De tous les longs métrages de Miyazaki, Le Château Ambulant est probablement celui qui marque l'apogée de son style : plus exhubérant qu'un Château dans le Ciel, plus riche encore que Le Voyage de Chihiro, ce dessin animé s'illustre de bout en bout par un sens du merveilleux incroyable.
Les villes, hybrides, à la fois européennes et futuristes, à la fois magiques et humaines, sont prodigieuses. On découvre des palais de princes aux serres luxuriantes, aux escaliers majestueux, des foules qui se pressent pour s'acheter des vêtements dans des rues à l'architecture soignée, des avions aux allures futuristes, thème obsessionnel chez le réalisateur. Le Château Ambulant c'est Miyazaki au superlatif : tout y est plus grand, plus coloré, plus imaginatif, sorte de syncrétisme de toute son oeuvre. L'animation est à son comble, absolument stupéfiante. A présent ce sont des dizaines d'animations à l'écran en même temps, Miyazaki est totalement libre et a les moyens de sa liberté.

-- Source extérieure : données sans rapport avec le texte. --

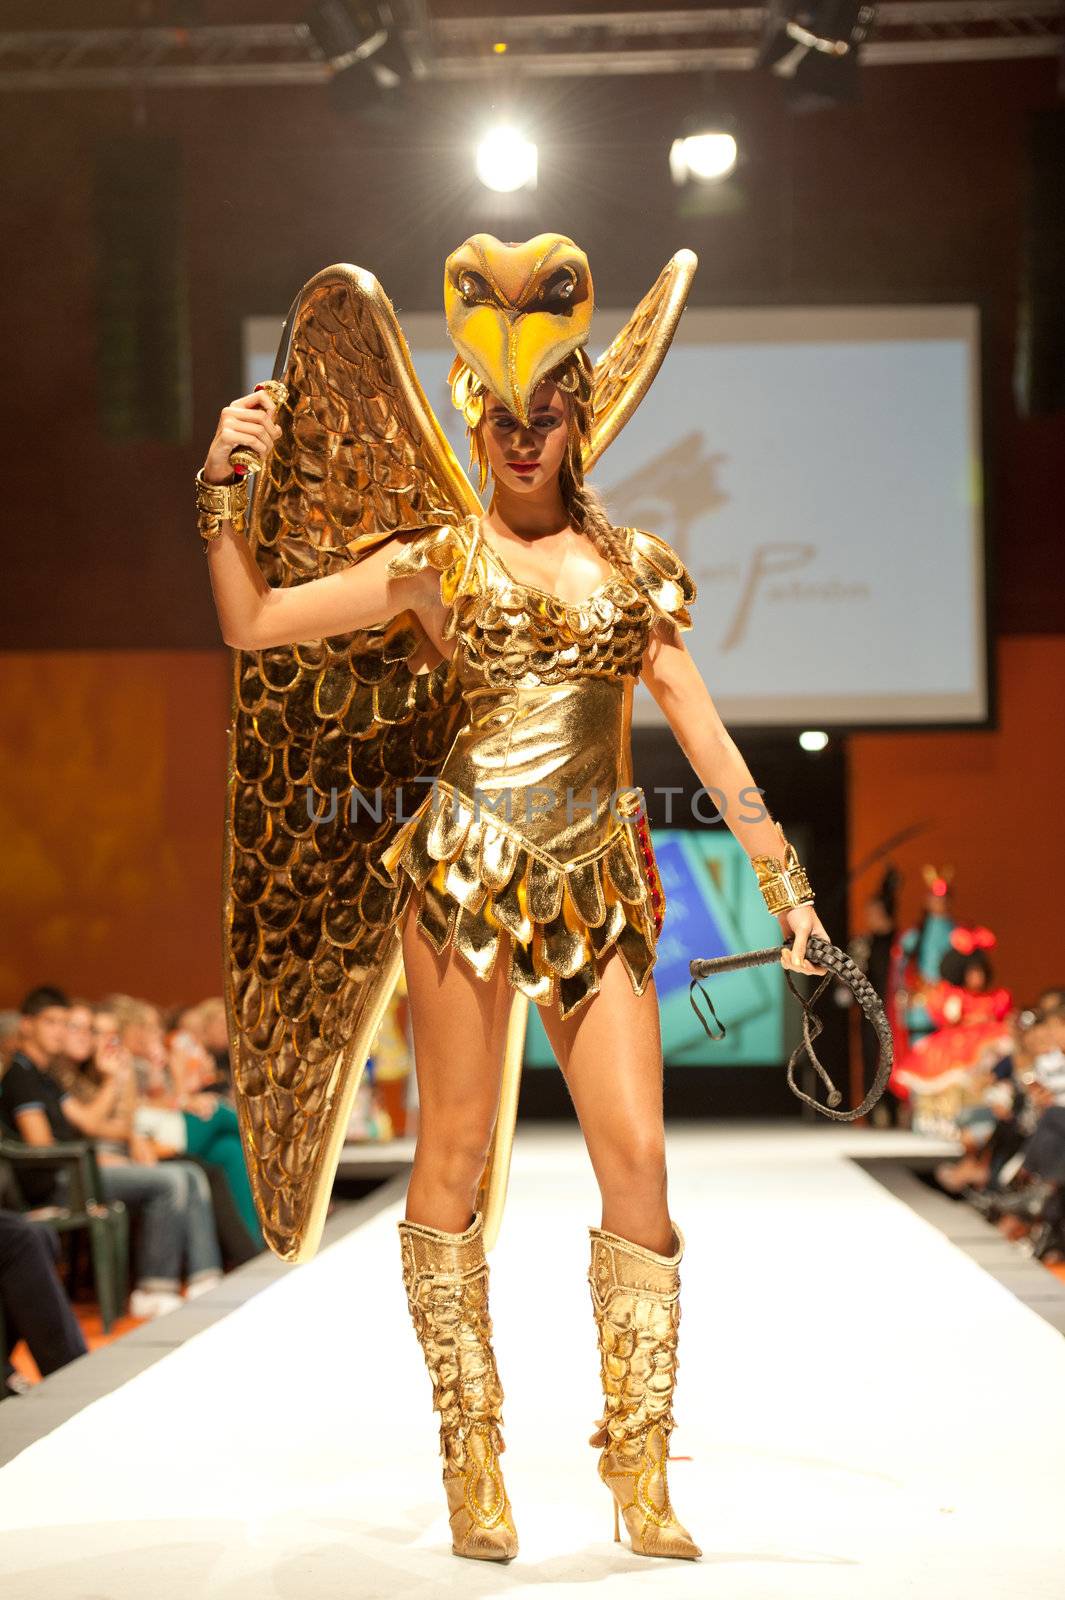 CANARY ISLANDS - 29 OCTOBER: Model on the catwalk wearing carnival costume from designer Mari Patron Dominguez during Carnival Fashion Week October 29, 2011 in Canary Islands, Spain
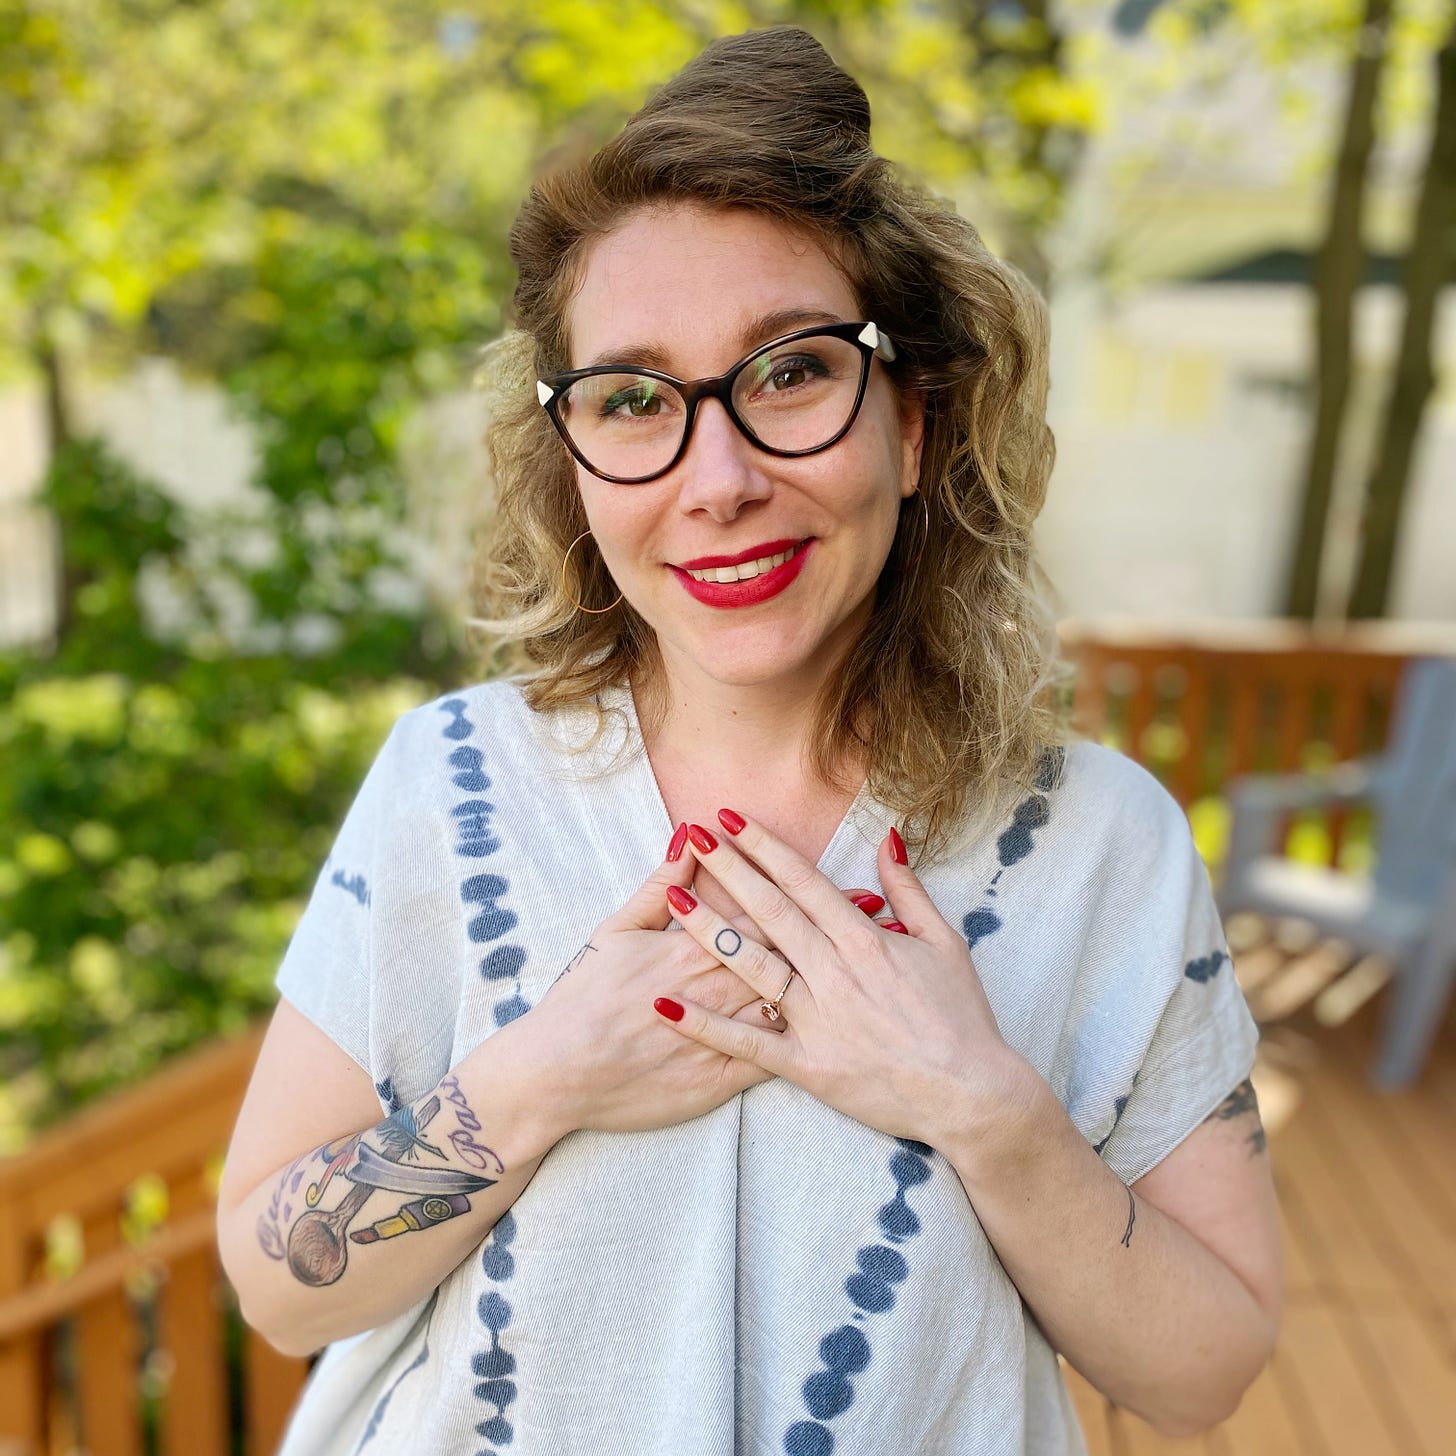 Dr. Kate is smiling at the camera. She is a white woman with red and blonde hair wearing a light blue shirt with dark blue died spots. She is wearing glasses, red lipstick, and red nails.

L'histoire est en revanche un peu plus convenue. Certes le personnage de Sophie, transformée par une sorcière en vieille femme est une jolie fable mais est un peu terni par une histoire d'amour étrange entre elle et Auru, un jeune et ténébreux sorcier. Le personnage de Calcifer, petit démon de feu qui anime le fameux château ambulant, demeure du jeune sorcier Auru nous offre l'humour nécessaire à chaque dessin animé de Miyazaki. Les autres personnages, un chien pataud, un épouvantail ensorcelé, un petit garçon volontaire, une sorcière cruelle mais amoureuse, et tout un tas d'apparitions féériques parviennent à rendre le récit attachant et jamais manichéen. Comme d'habitude Miyazaki croit en l'intelligence du spectateur et propose une intrigue nuancée et complexe. La musique de Joe Hisaishi, éternel compagnon musical du réalisateur parvient encore à faire merveille. Tout les ingrédients sont là, mis bout à bout dans une apothéose qui laisse moins place à l'émotion - c'est peut-être ce qui m'a manqué ici - qu'au spectaculaire.
Mais on pardonnera tout à Miyazaki qui nous propose un univers hallucinant. Ce film est un rêve éveillé. Ce château, fantômatique, baignant dans une brume mystique aux sommets de collines bucoliques avec ses fenêtres, ses poutres, ses terrasses, ses tuyaux, palais flottant par dessus le monde, qui déambule dans un royaume féerique, sorte de carrefour des mythes, contes et légendes du monde entier, nous invite irrémédiablement au voyage et comme Sophie, la jeune couturière de 18 ans qui n'était pas prédestinée à l'aventure, on s'y embarque volontiers et on en redemande. L'oeuvre est immédiatement universelle, pour petits et grands. Miyazaki au sommet de sa gloire.